We are all of opinion that the right instructions were given to the jury. The single question in the case was, whether Francis Harris gave to his daughter Hannah, and to her heirs and assigns, a right to overflow, without paying damages, any more of the land, which he had, by a pre*206vious clause in his will, given to his daughter Abigail, and to her heirs and assigns, than was overflowed when the will was made. So far as the complainant’s land was then overflowed, her counsel admit that the respondent may still overflow it, without liability to pay damages: that the devise of the blacksmith shop to Hannah gave her a right to raise the water, as theretofore raised, for the working of the trip-hammer; and that the land devised to Abigail was subject to that right. And so the law probably is. See Swansborough v. Coventry, 9 Bing. 305; Canham v. Fisk, 2 Crompt. & Jerv. 126; Pettee v. Hawes, 13 Pick. 323; Hathorn v. Stinson, 1 Fairf. 224; Rackley v. Sprague, 5 Shepley, 281.
The devise to Hannah was of land bounded on the brook, “together with the privilege of the stream, so as not to damage the mills” which the testator owned below the land devised to her. The devise to Abigail (the complainant’s mother) was of land bounded on the same brook, above the land devised to Hannah, and a part of it was overflowed, by means of a dam, at the time when the devise was made. Did the testator mean to subject this land to such other servitude as Hannah or her assigns might thereafter be pleased or be able to impose, by means of a dam ?

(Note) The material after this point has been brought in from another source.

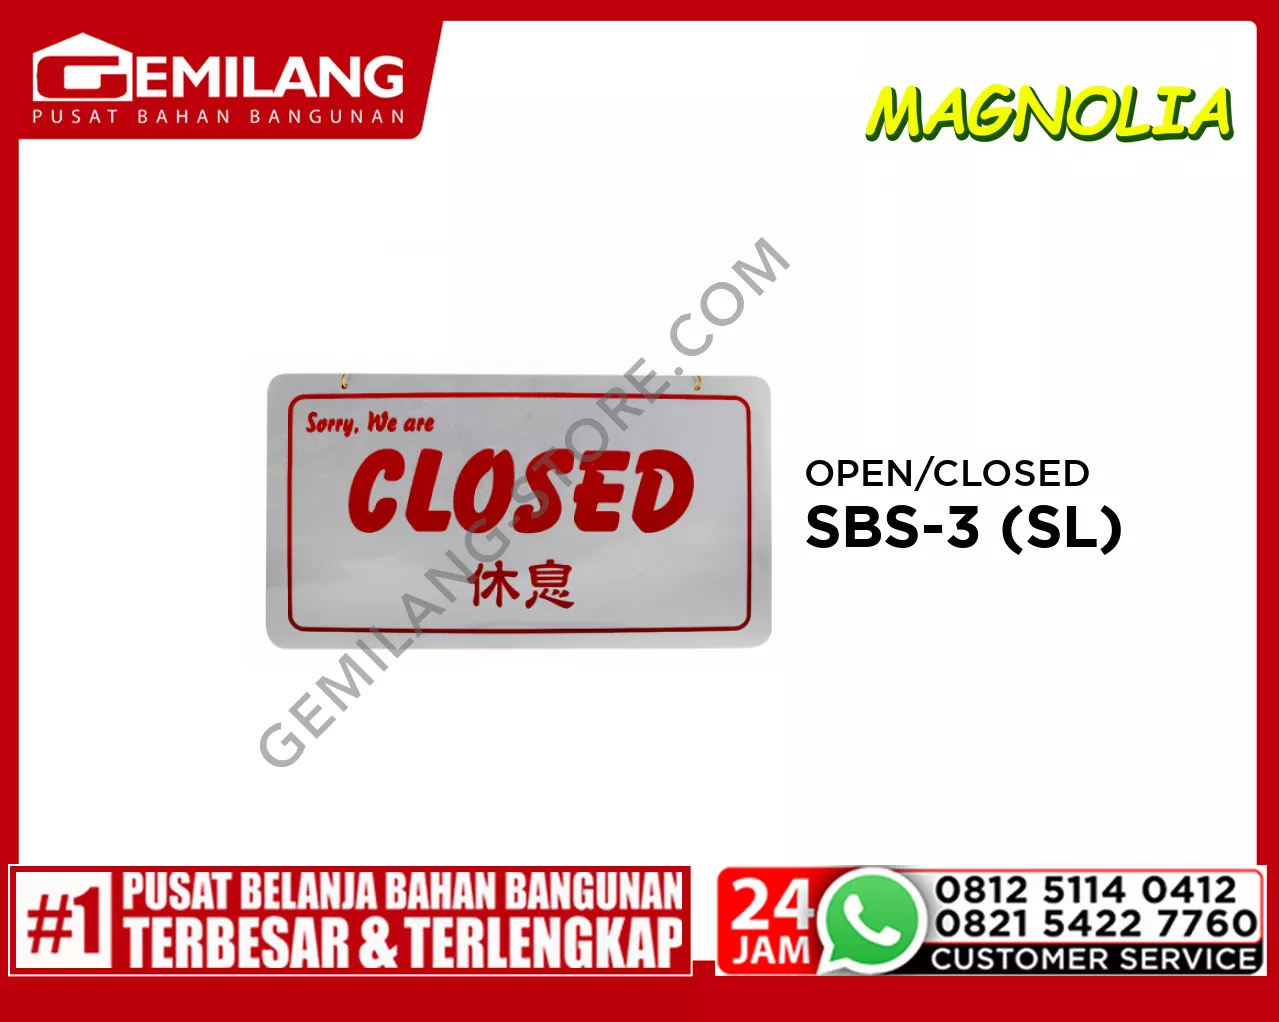 OPEN/CLOSED SBS-3 (SL)

The position taken by the respondent’s counsel was this: That the devise to Hannah is enlarged, by giving to her an easement, created de novo, the extent of which easement is the right of using the entire power and capacity of the water of the brook, by artificial means, for its appropriate purposes; subject only to the limitation that, she should not damage the lower mills which the testator owned; that the limitation, which is expressed, excludes any implied limitation; and that, by the construction, given by the judge at the trial, the words, “ together with the privilege of the stream,” are rendered inoperative.
But we cannot perceive any legal ground for holding that an easement, in the land devised to Abigail, was created de novo, by the testator’s devise to Hannah. When the devise was made, the testator owned not only a blacksmith shop in which a trip-hammer was worked by water raised by a dam near the shop, but also a grist-mill and other mills below. He first devised *207to Abigail a house, and two acres of land bounded partly on the brook. No condition or restriction was annexed to this devise. He next devised to Hannah a house and certain land, and also the blacksmith shop and half an acre adjoining it, “ together with the privilege of the stream, so as not to damage the mills ” below the shop. It seems to us, that if he had intended to subject Abigail’s land to the easement now claimed, he would naturally have done so, in express terms, either in the devise to her, or in the devise to Hannah. But he did not. And the respondent is obliged to rely, in support of his claim, solely on the implication arising, as he contends, from the devise to Hannah of “ the privilege of the stream.” But, in our opinion, the testator, by this devise to Hannah, intended rather to restrict her right to the use of the stream, than to enlarge that right. His purpose was, we think, not to give her a right to injure her sister’s land above, but to confine her to such a use of the stream as should not injure the mills below, which were devised to her brother.
We do not question the power of a testator to create, bjwill, an easement, for the benefit of one of his devisees, in the land which he devises to another. He may devise two tenements, and make one of them dominant and the other servient. But he can do this only by using such terms as, on their face, clearly evince such an intention, or such as necessarily imply it. No such intention is clearly evinced by, nor necessarily to be implied from, the terms of Francis Harris’s will. All the purposes, which his will manifests, can be effected, without subjecting the complainant to the claim of the respondent. The testator gave his lower mills to his son; the blacksmith shop to Hannah; and land above the shop to Abigail. The mills given to the son were doubtless of more value and importance, in the testator’s estimate, than the shop given to Hannah. The testator had owned them all, and had regulated the use of the water, at each, according to his own pleasure. But, as the ownership of the mills and of the shop was to be in different persons, after his decease, he meant to provide that the use of the water, at the shop above, should not be such as to injure the mills below. Exceptions overruled.